Лось поднял голову посмотреть на меня, его тупые прикрытые глаза ничего не выражали, и я было подумал, что погибну здесь и сейчас. Лось бросился на меня, но, к счастью, остановился, будто просто хотел показать, кто в этих краях главный. Краем глаза я заметил, что Бертран воспользовался отвлекающим маневром и попытался уползти на локтях, волоча ноги, словно они частично парализованы. Потом съемочная группа дружно бросала в животное все, что попадалось под руку: лед, снег, катушки с пленкой, которые страшно шумели, когда ударяли лося по бокам, таким тощим, что ребра можно было пересчитать так же легко, как на скелете. С высоко поднятой головой он наконец гордо удалился.
Я так часто рассказывал эту историю за последние десять лет, что это сказалось на памяти. Чтобы не потерять детали, мой мозг со временем додумал, изменил и преобразовал эту историю. Так что прошу прощения, если за годы лось успел раздуться до размеров бельгийской тяжеловозной лошади, а его рога разрослись, как сосна Мафусаил. Бертран, который орал что-то невнятное, с течением времени начал возносить к небу кулак и заключать договор с Богом, только бы спастись. Его поврежденное ребро и довольно быстро зажившие ссадины преобразовались в несметное количество сломанных костей. Бертран был почти парализован, но, как в американских фильмах – чудо, не иначе! – встал на ноги и до сих пор пребывает в полном здравии. Возможно, воспоминание приобрело сюрреалистический характер, и я иногда задаюсь вопросом, было ли все это на самом деле. Но факт остается фактом, и именно это происшествие заложило между нами, Бертраном и мной, основу прочной, истинной и несомненной связи, как у братьев по оружию.
В ту ночь в хижине мы только и говорили о столкновении с лосем, хлопали друг другу, как героям, снова и снова воспроизводя детали, пока развернувшаяся драма не превратилась в дешевую комедию. Затем мы с Бертраном подлили еще глёга в кружки и решили выйти. Бертран хромал, и я подал ему руку, хотя он был слишком горд, чтобы принять помощь (я имею в виду, гордился своей хромотой и нес ее, как крест Виктории, не иначе).
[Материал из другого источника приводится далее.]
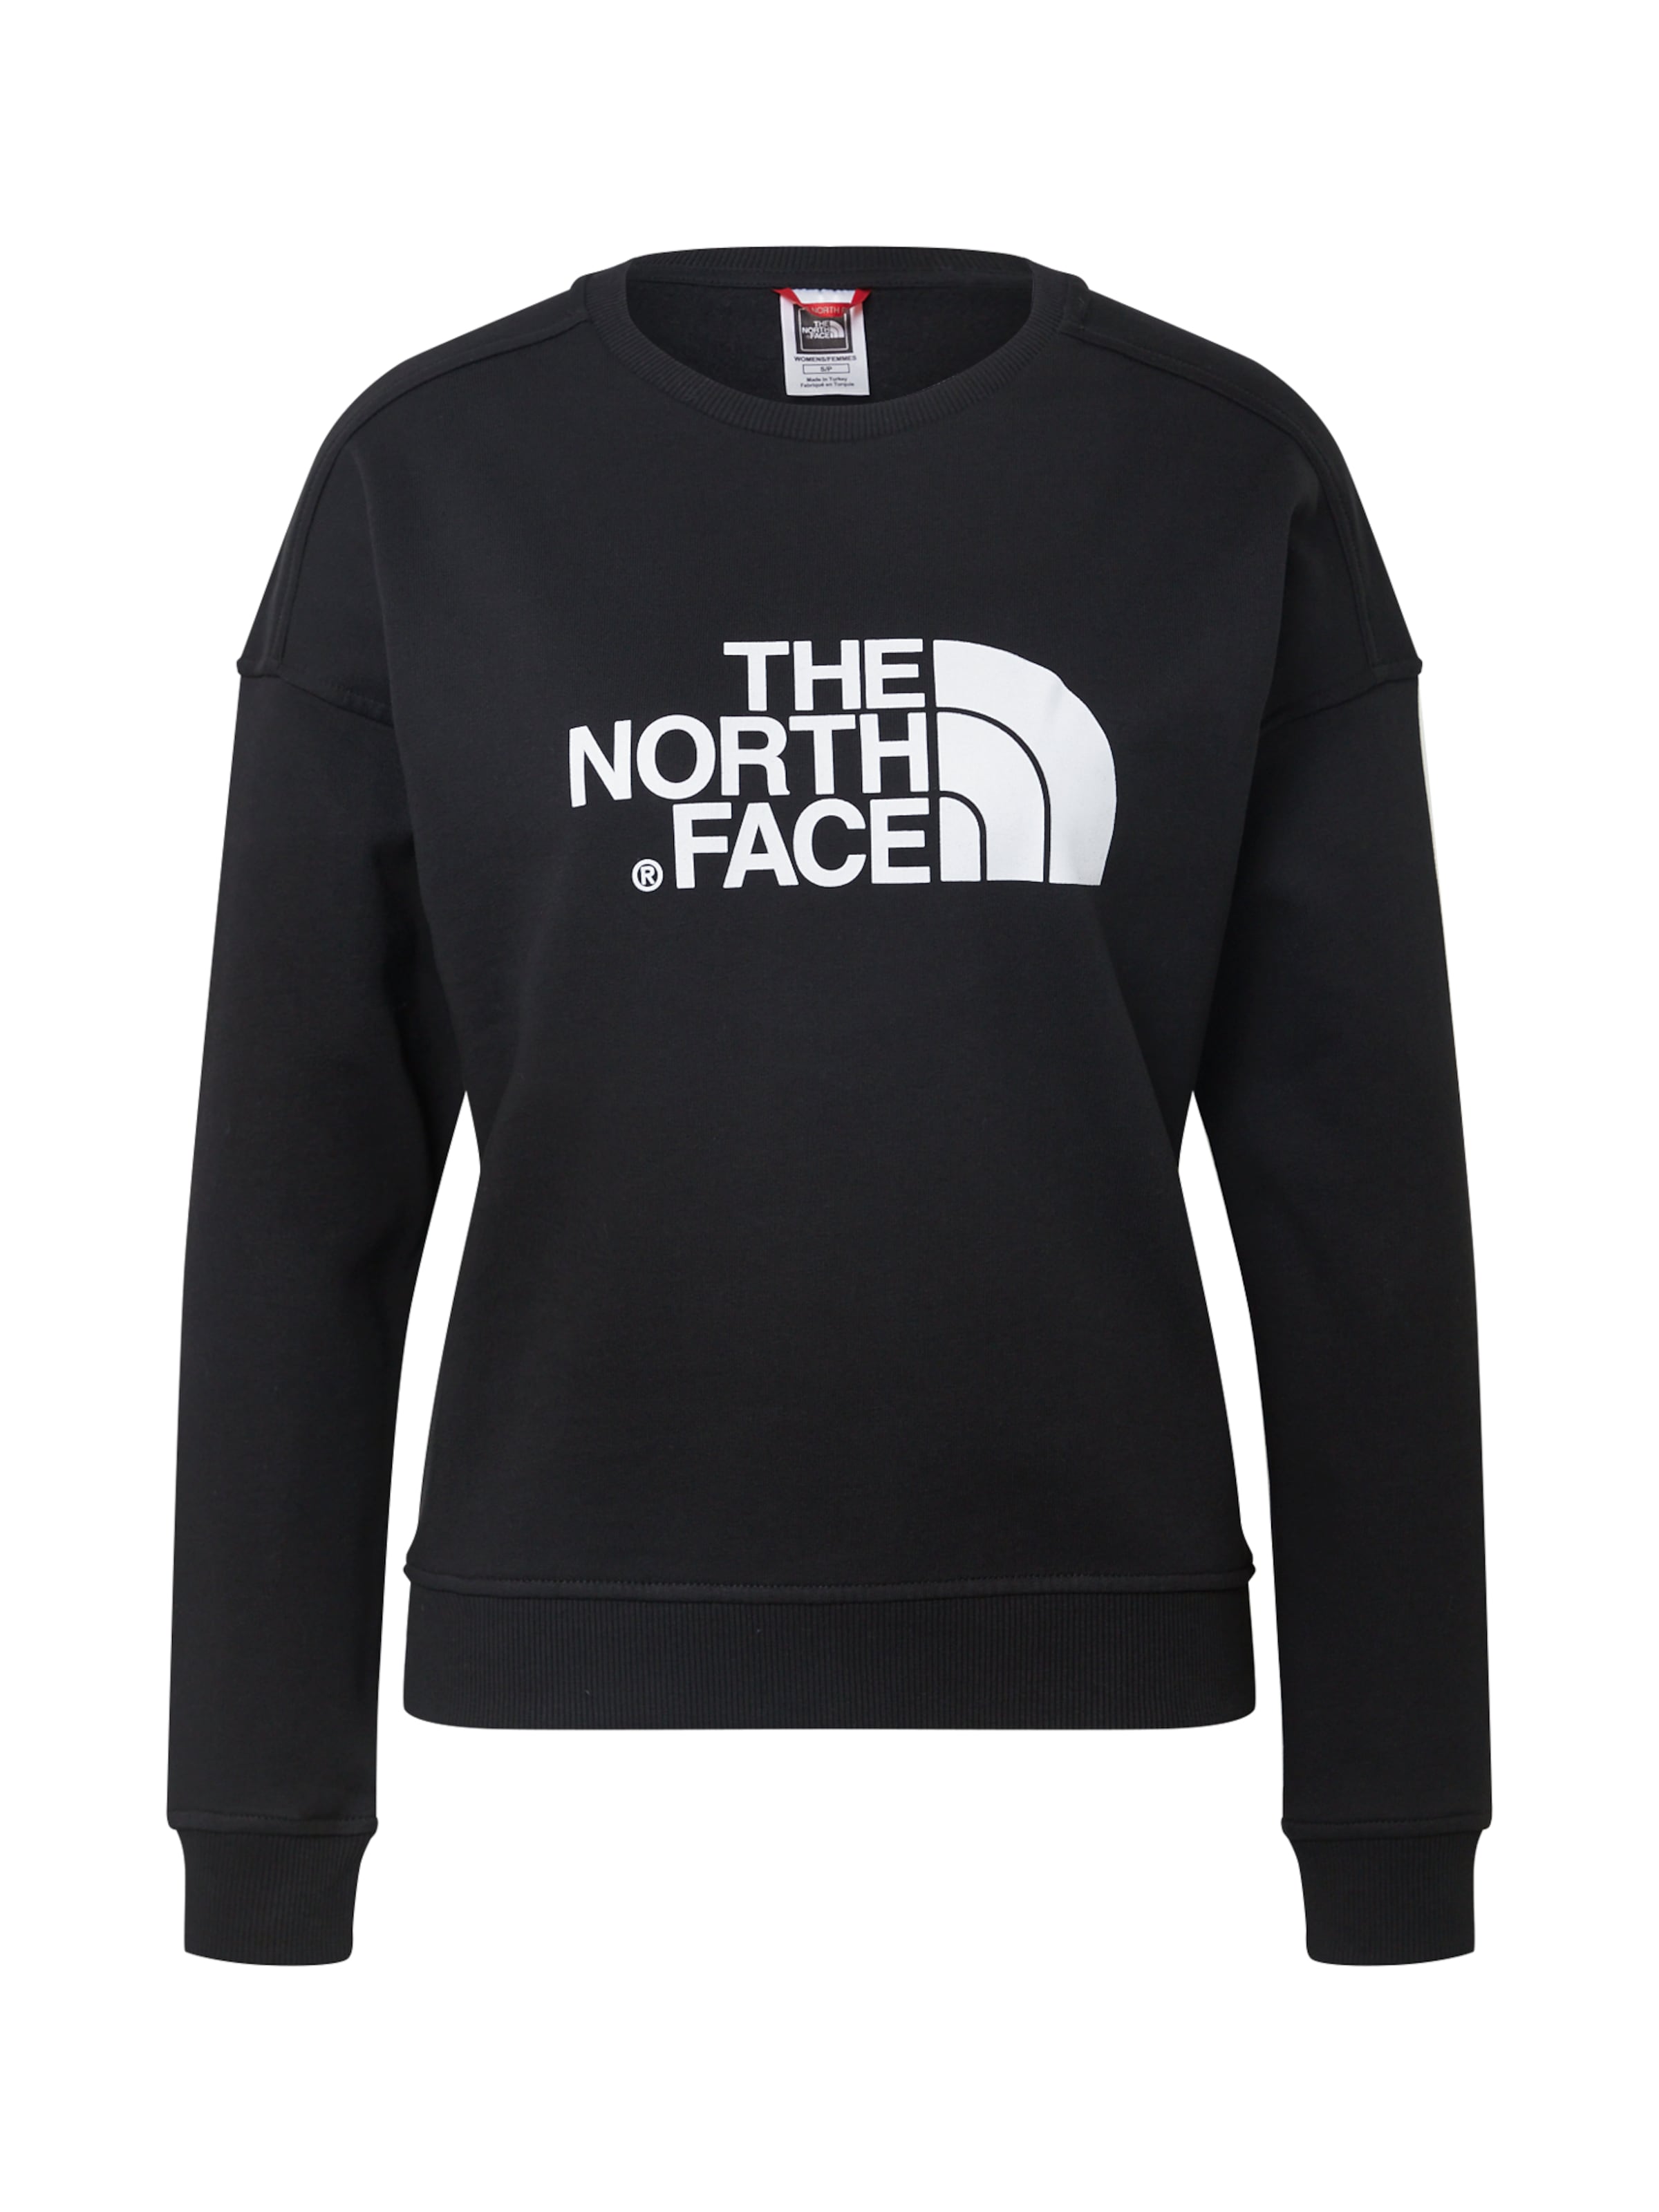 Femme Sweat-shirt 'Drew Peak' THE NORTH FACE en Noir

По дороге он сделал глоток горячего пряного вина, вытер бороду и стал рассуждать о том, где спрятаться завтра ночью, чтобы поближе подобраться к волкам. Мы заговорили о них и о том, как они находят пару на всю жизнь. Сам того не заметив, я рассказал Бертрану об Эмбер – так, как никогда не говорил с Беном и Каху, моими самыми близкими друзьями дома. Здесь, в этом мире, затерянном посреди безграничного белого, я почувствовал, что могу это сделать. Я рассказал, что у меня было чувство, будто знаю Эмбер лучше всех, рассказал, как не смог удержать ее и она досталась Стюарту, а ведь мы были созданы друг для друга. Бертран все понял. Он из тех, кто верит в настоящую любовь. Он женат на своей подружке со времен старших классов и сопереживал моей истории. Бертран мог казаться толстокожим, но такого большого сердца и доброго разума в целом свете не сыщешь.
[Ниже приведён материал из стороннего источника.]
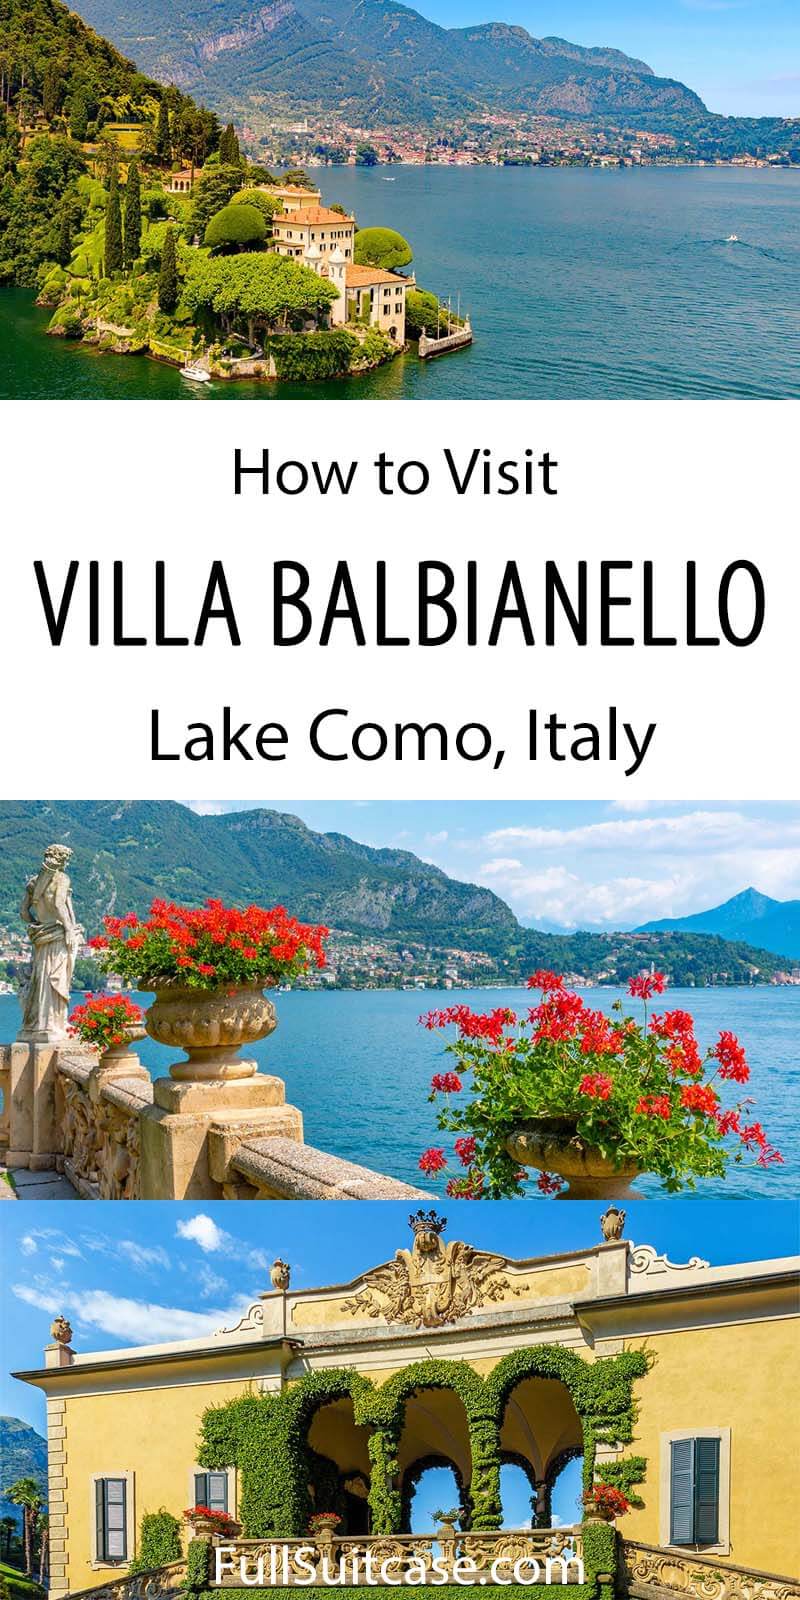 How to visit Villa Balbianello, Lake Como, Italy

В следующие месяцы, вернувшись в Окленд, я заглядывал к Стюарту и Эмбер, обычно на полдник или ужин. Иногда я путал одно с другим и приходил в неправильное время, но они, кажется, никогда не возражали. Если Стюарту и становилось хуже, он никогда этого не показывал. Во всяком случае, я ничего не замечал. Он ни на что не жаловался, и, могу сказать, ему нравилось, что я приходил. Он считал меня вроде как другом семьи. У Стюарта всегда было наготове доброе слово для меня, он мог подбодрить или посоветовать, куда ехать снимать дальше, потому как я не скрывал, что иногда все еще сталкивался с трудностями. Он не всегда понимал, о чем говорит, но всегда хотел как лучше, даже я это видел.
В конце июля состояние Стюарта неожиданно ухудшилось, и его на неделю положили в Госпиталь милосердия, престижное частное медицинское учреждение в Эпсоме. Судя по тому, как Эмбер в расстроенных чувствах поспешно объясняла случившееся, пропуская тележки, нагруженные бледно-зеленым супом, дребезжащие мимо, жизнь его была на волоске. Примерно десятью днями ранее у Стюарта были боли в груди. Зная, что из-за ревматоидного артрита в два раза выше риск сердечной недостаточности, чем обычно, он поехал к врачу. Поскольку симптомы сердечных болезней те же, что и у ревматоидного артрита, – одышка, смертельная усталость, невозможность лежать на спине, распухшие лодыжки или что-то вроде того, – доктор прописал противовоспалительные. Хуже не придумаешь для больного сердца. По словам кардиолога, не будь Эмбер рядом, когда у Стюарта случился сердечный приступ, он бы не выжил.